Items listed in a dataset
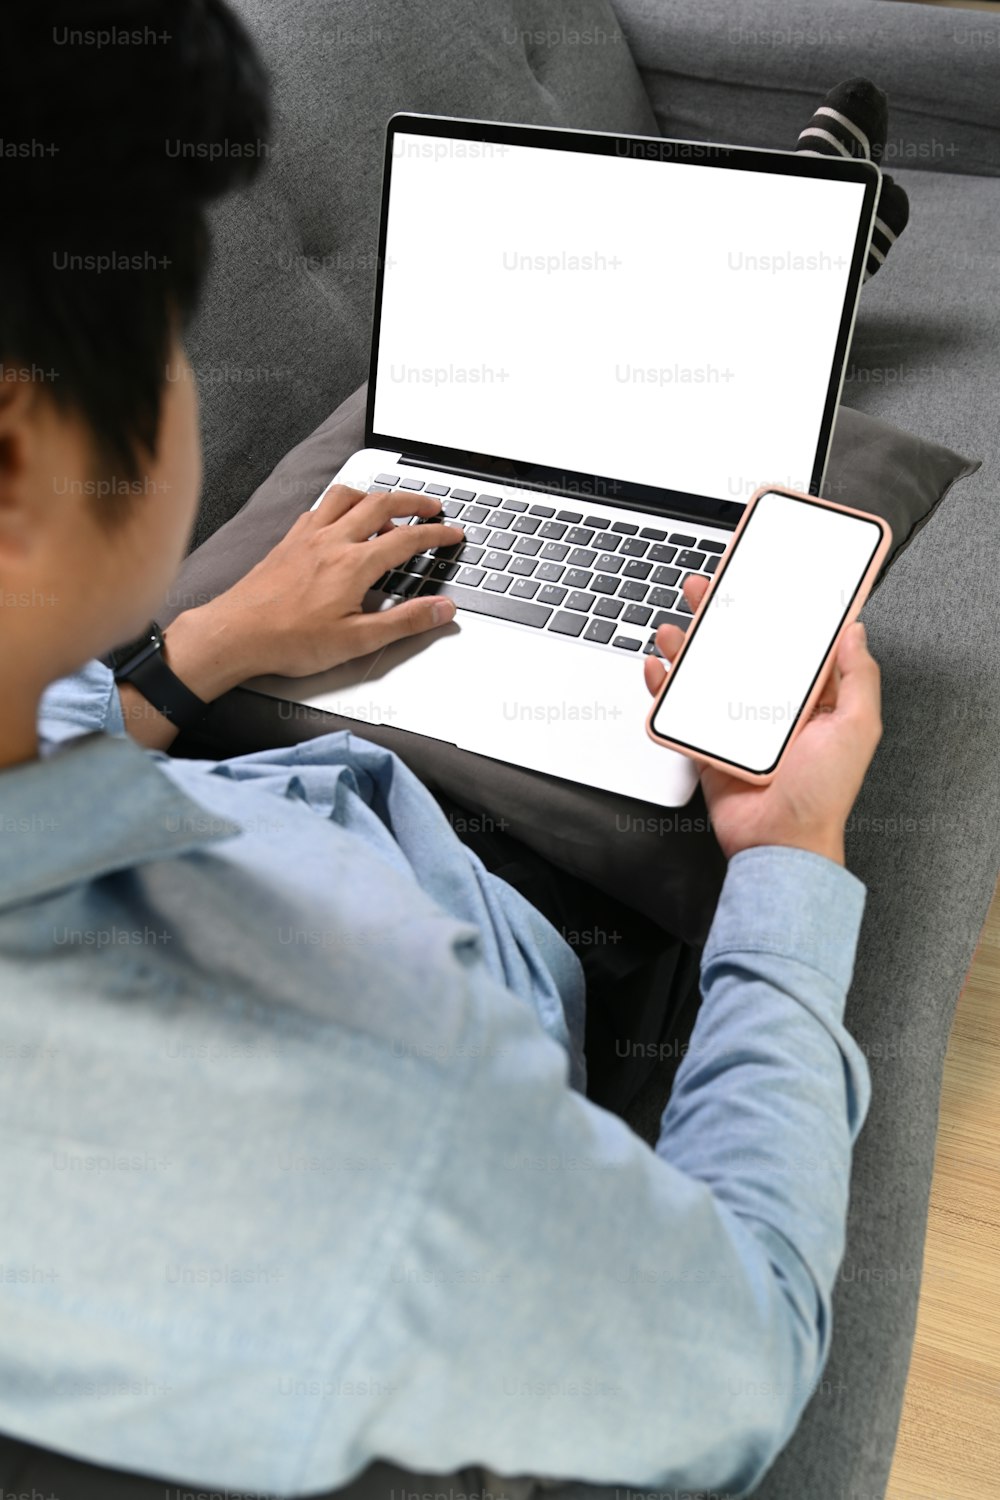 Vista sobre el hombro de un joven que descansa en el sofá que trabaja con una computadora portátil y usa un teléfono móvil.
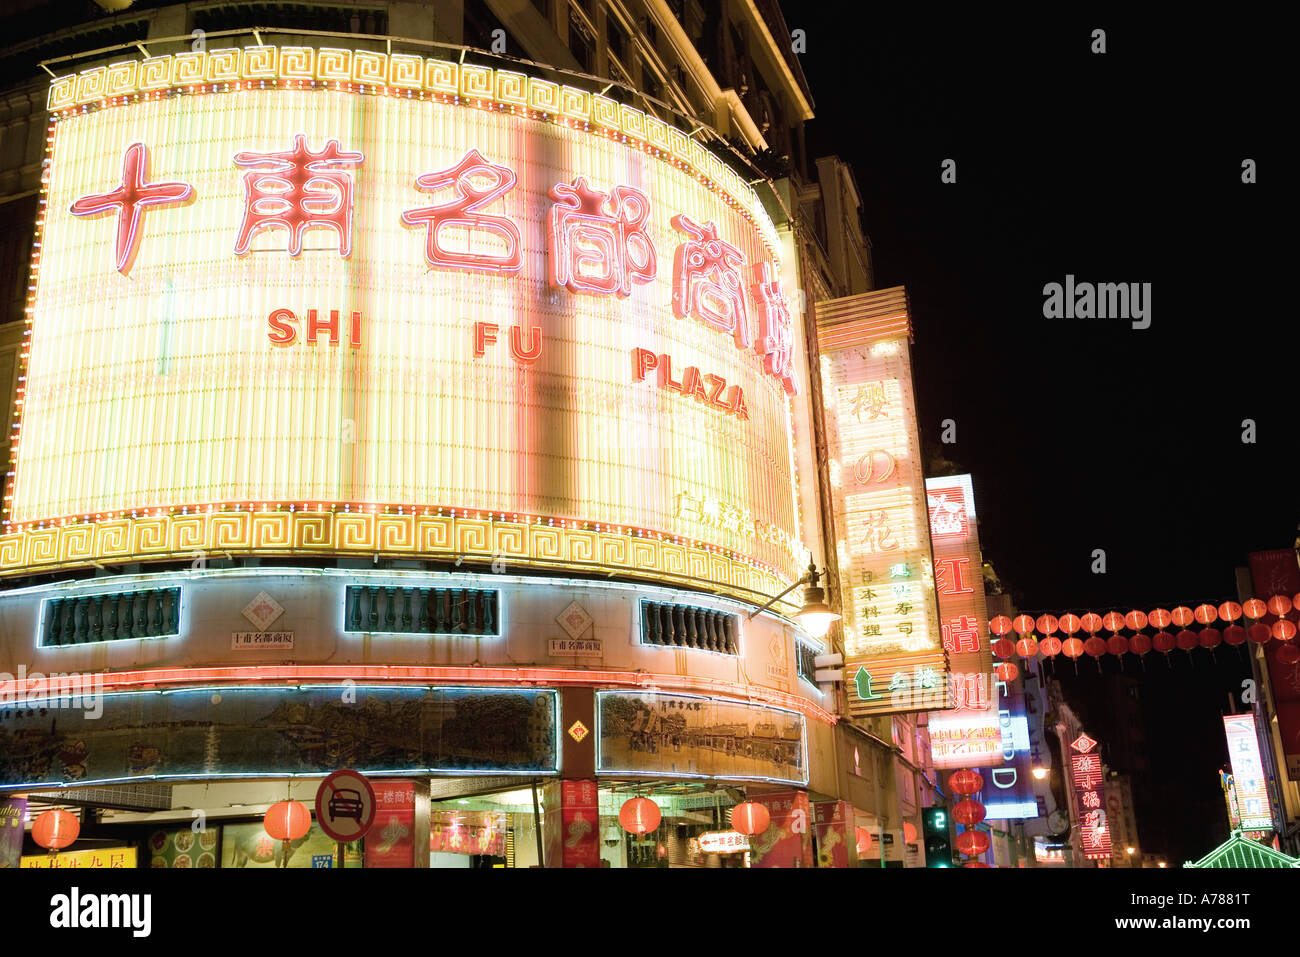 China, Guangzhou, Shifu Plaza sign at night Stock Photo
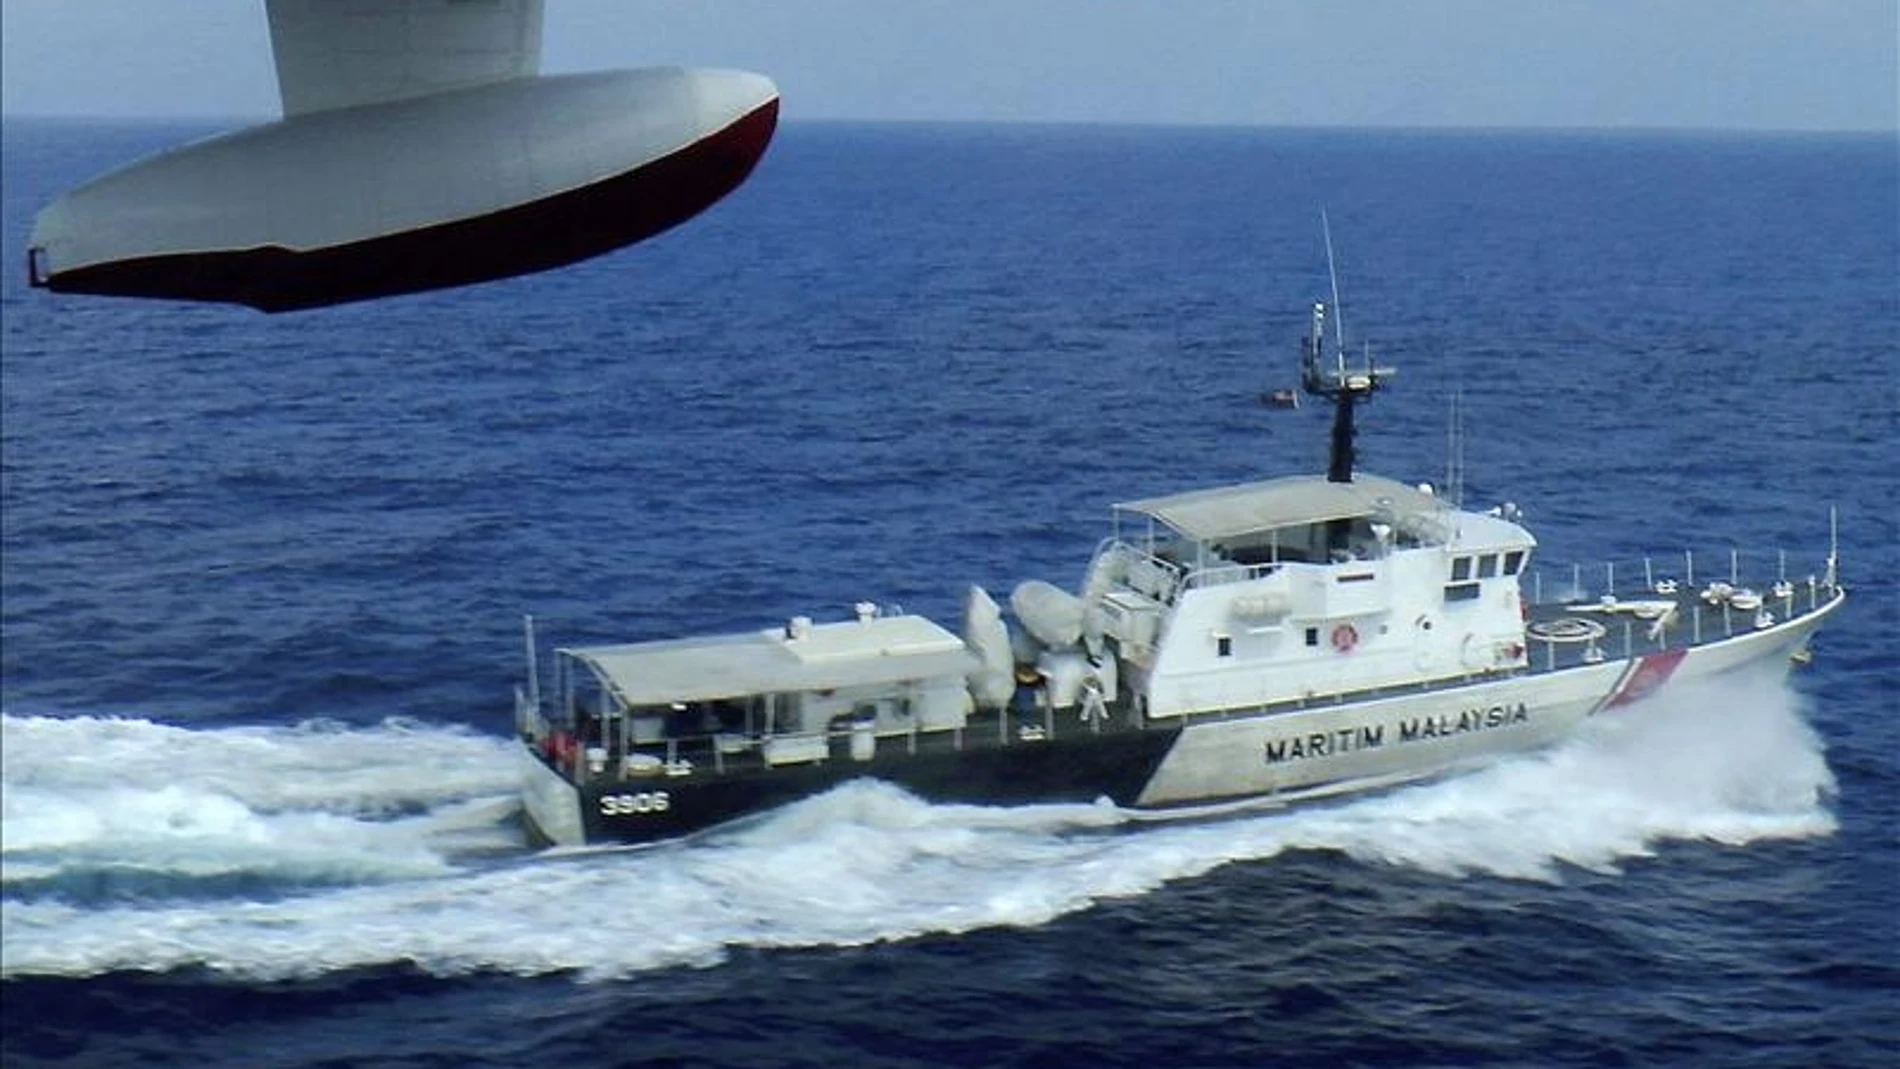 Barco de la guardia costera malasia durante las operaciones de búsqueda y rescate del vuelo de Malasia Aerolíneas desaparecido
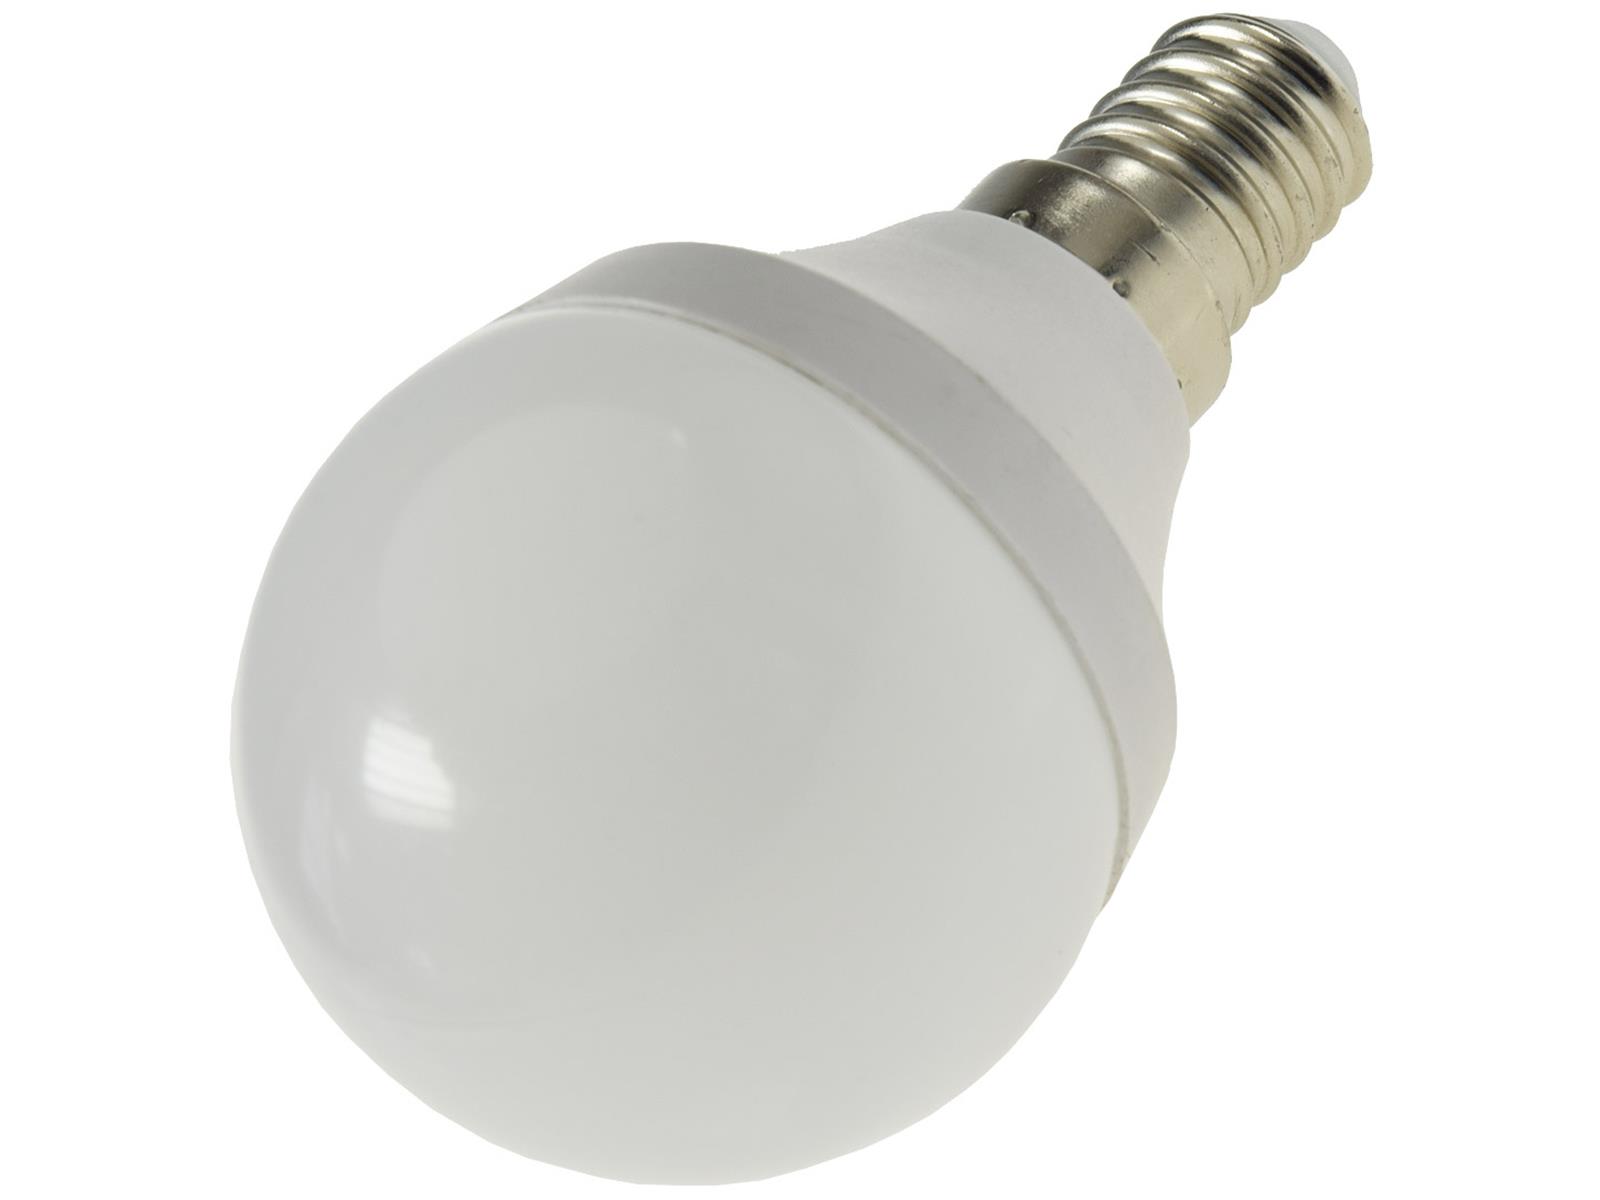 LED Tropfenlampe E14 "T70" warmweiß3000k, 700lm, 230V/7W
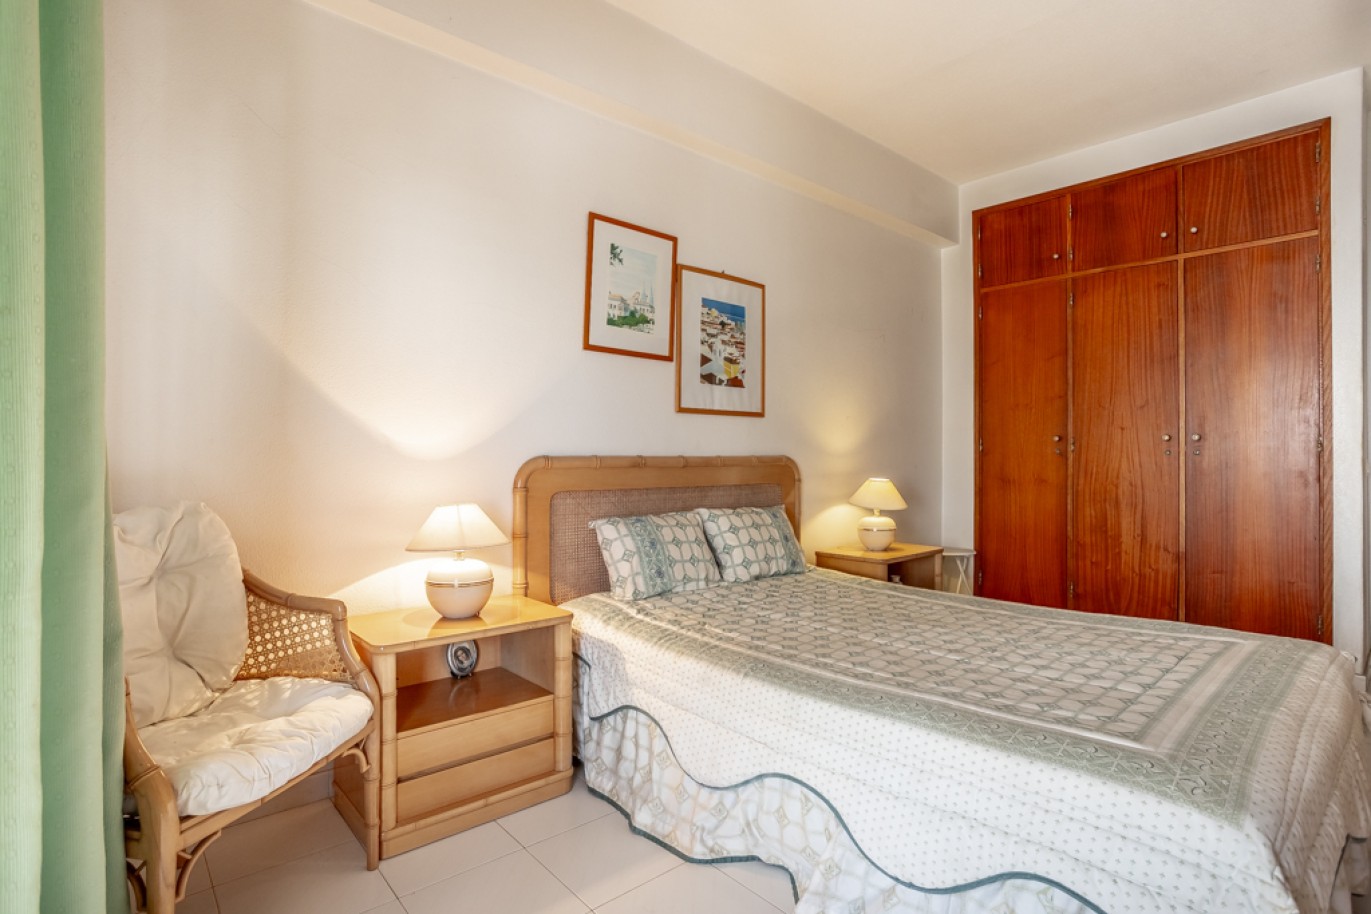 Apartamento com 1+1 quartos, com vista mar, para venda em Porches, Algarve_257039

# Activity
No pictures belong in the copy. Retype exactly, and only, the lines from the line containing "Barco de la" through the last line of the data, both included.

# Reply
 Barco de la guardia costera malasia durante las operaciones de búsqueda y rescate del vuelo de Malasia Aerolíneas desaparecido
 LED Tropfenlampe E14 "T70" warmweiß3000k, 700lm, 230V/7W
 Apartamento com 1+1 quartos, com vista mar, para venda em Porches, Algarve_257039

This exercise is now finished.